Risk for diabetes spotted in genome
Type 2 diabetes affects more than 1 billion people worldwide – and disease incidence is increasing in Asian countries. Although more than 20 genetic regions have been linked to type 2 diabetes, much of the genetic contribution to this disease remains largely unknown.
Xiao Ou Shu, M.D., Ph.D., and colleagues conducted a genome-wide association study involving a total of 9,794 type 2 diabetes cases and 14,615 controls, predominantly Asians, and have identified three new genetic markers for the disease. The most significant marker (locus) was located on chromosome 13; the closest known gene to this locus is a member of the sprouty gene family, which encodes proteins involved in insulin signaling and development of the pancreas. The other two markers – on chromosomes 10 and 15 – lie near type 2 diabetes susceptibility loci previously identified in populations with European ancestry.

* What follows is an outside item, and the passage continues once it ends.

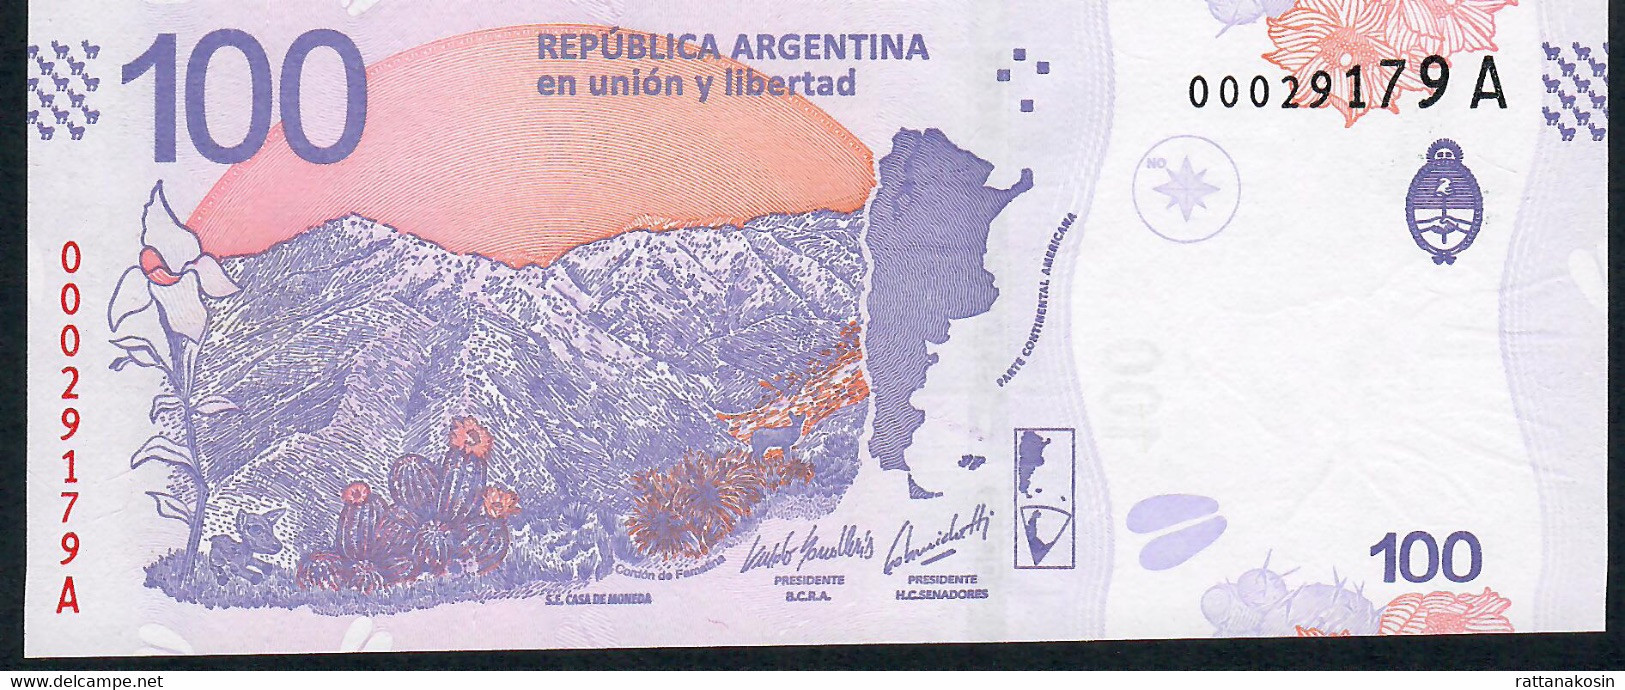 ARGENTINA  LOW # NLP 100 Pesos 2018 Série A Signature 90 Sandleris/Michetti # 00029179A   UNC. - Argentine

The study, published Sept. 16 in PLoS Genetics, demonstrates the value of conducting genome-wide association studies in non-European populations to identify new genetic risk variants for this disease.
— Melissa Marino
Infection-fighting frogs
B. dendrobatidis
Louise Rollins-Smith, Ph.D., graduate student Jeremy Ramsey, and colleagues examined immune responses to B. dendrobatidis in the resistant African clawed frog, Xenopus laevis. They report in the September issue of Infection and Immunity that X. laevis developed a mild infection and secreted anti-microbial peptides in the skin mucus after exposure to the fungus. The peptides – purified or in mixtures – inhibited B. dendrobatidis growth in vitro. Immunization of frogs with heat-killed B. dendrobatidis induced pathogen-specific antibodies in the serum, and frogs that had been infected with the fungus 5 months earlier contained specific antibodies in the skin mucus. The findings suggest that X. laevis frogs use both innate (antimicrobial peptides) and adaptive (antibodies) immune responses to resist lethal B. dendrobatidis infections and could be helpful in developing strategies to protect endangered frog populations.
— Leigh MacMillan
Low vitamins: more artery disease
Combined deficiencies of the anti-oxidant vitamins C and E worsen early atherosclerosis – an inflammatory condition associated with oxidative stress – in a mouse model, James May, M.D. and colleagues report in the September issue of Arteriosclerosis, Thrombosis, and Vascular Biology.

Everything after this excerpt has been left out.